3. Analytical Results

In this section, we demonstrate the effectiveness of our method over real data. The performance is evaluated in different aspects. Experiments are conducted to analyze the performance of our proposed algorithms in comparison to classical unsupervised methods in SAX ^[29], SAX_TD ^[31] and ESAX ^[30] on ECG dataset. All above methods are used to calculate the similarity and anomaly score among dataset and we use KNN to find the most likely anomalies. We set the $k = 3$ . The experiments are conducted on a 2.5GHz processor with 16GB physical memory, running Window 10.

3.1. Experimental setup

3.1.1. Data set

In this section, we use our method to evaluate the data sets downloaded from PhysioBank ^[33]. The BIDMC Dataset "chf07" is a 20-hour long ECG which have been independently classified into five types. In order to detect the anomalies, we simply divide the multi-class into two class, and the default physionet annotations are converted into AAMI recommended categories as showing in Table 2, and different class has different shape as shown in Figure 3, therefore, the trend method is useful in these data sets. We simply combine the Normal beat and one of other abnormal beats together, and we name them with the representations such as "N+r", "N+S", etc.

Table 2. AAMI recommended beat of five classes and number of ECG in MIT-BIH.
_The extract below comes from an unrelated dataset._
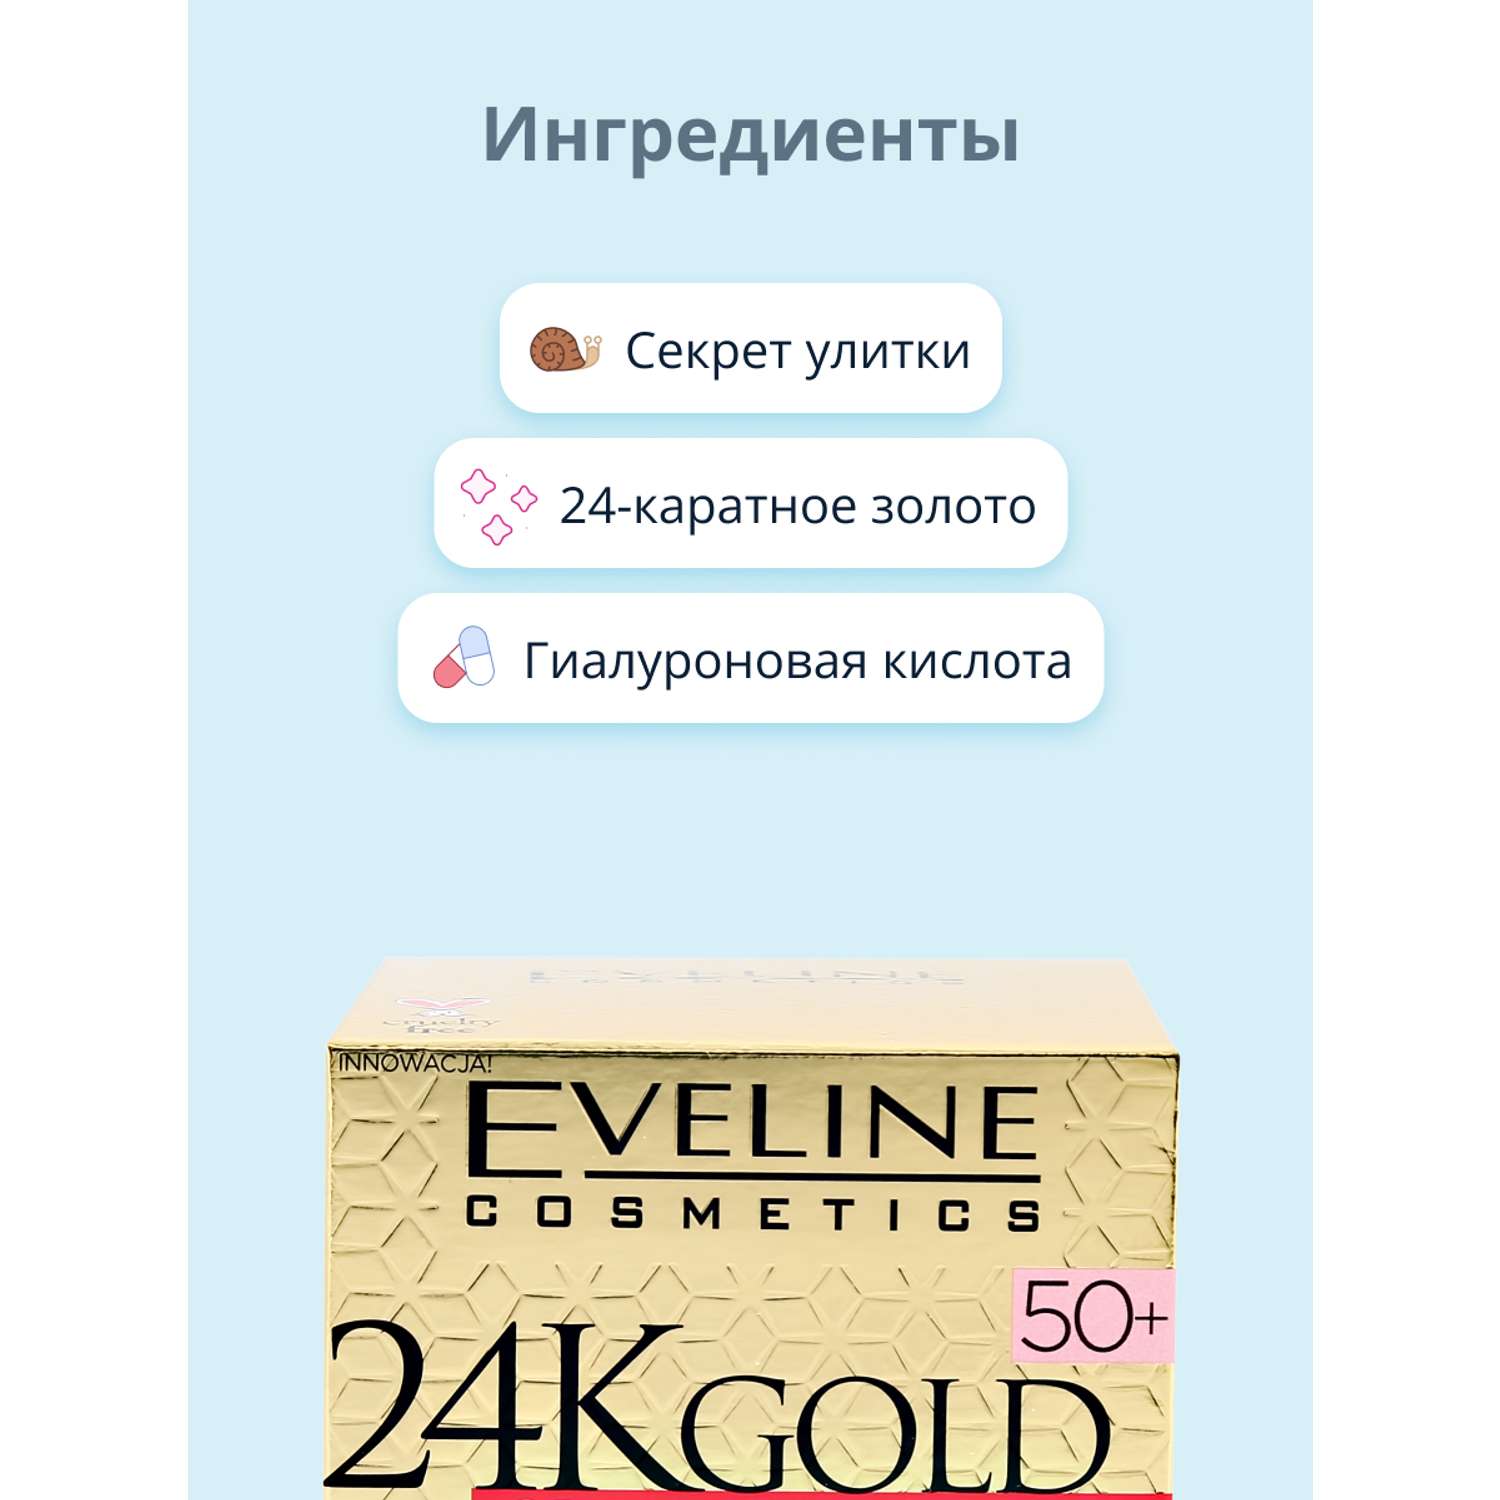 Крем для лица EVELINE 24k gold мультипитательный 50+ против морщин 50 мл - фото 2

No.	Classes	representation	Number
1	Normal beat	N	2919
2	R-on-T Premature Ventricular Contraction	r	1767
3	Supraventricular ectopic beat	S	194
4	Premature Ventricular Contraction	V	96
5	Unknown beat	Q	24

| Show Table

DownLoad: CSV

Figure 3. The shape of BIDMC Dataset ch07. Different shapes of ECG segment in five class. The last one is unknown beat so their shapes are different.

DownLoad: Full-Size Img PowerPoint

3.1.2. Comparison methods and Metrics

As base lines, we use several anomaly detection techniques such as SAX ^[29], SAX_TD ^[31], ESAX ^[30]. We compare the baselines with the proposed method TSAX. SAX_TD uses the deviation numerical value between the starting/ending point and mean value as the trend information. ESAX uses the maximum and minimum values based on sax, but symbolizes both values along the way as SAX. To demonstrate the detection ability of the proposed method, True positive (TP), false positive (FP), true negative (TN) and false negative (FN) are defined in Table 3.

Table 3. Definition of statistical values.

	Annotated Anomaly	Annotated Normal
Detected Anomaly	TP	FP
Detected Normal	FN	TN

| Show Table

DownLoad: CSV

The algorithm is evaluated based on 5 measurements: sensitivity, false alarm rate, specificity, positive predictive value (PPV) and root of mean square error (RMSE).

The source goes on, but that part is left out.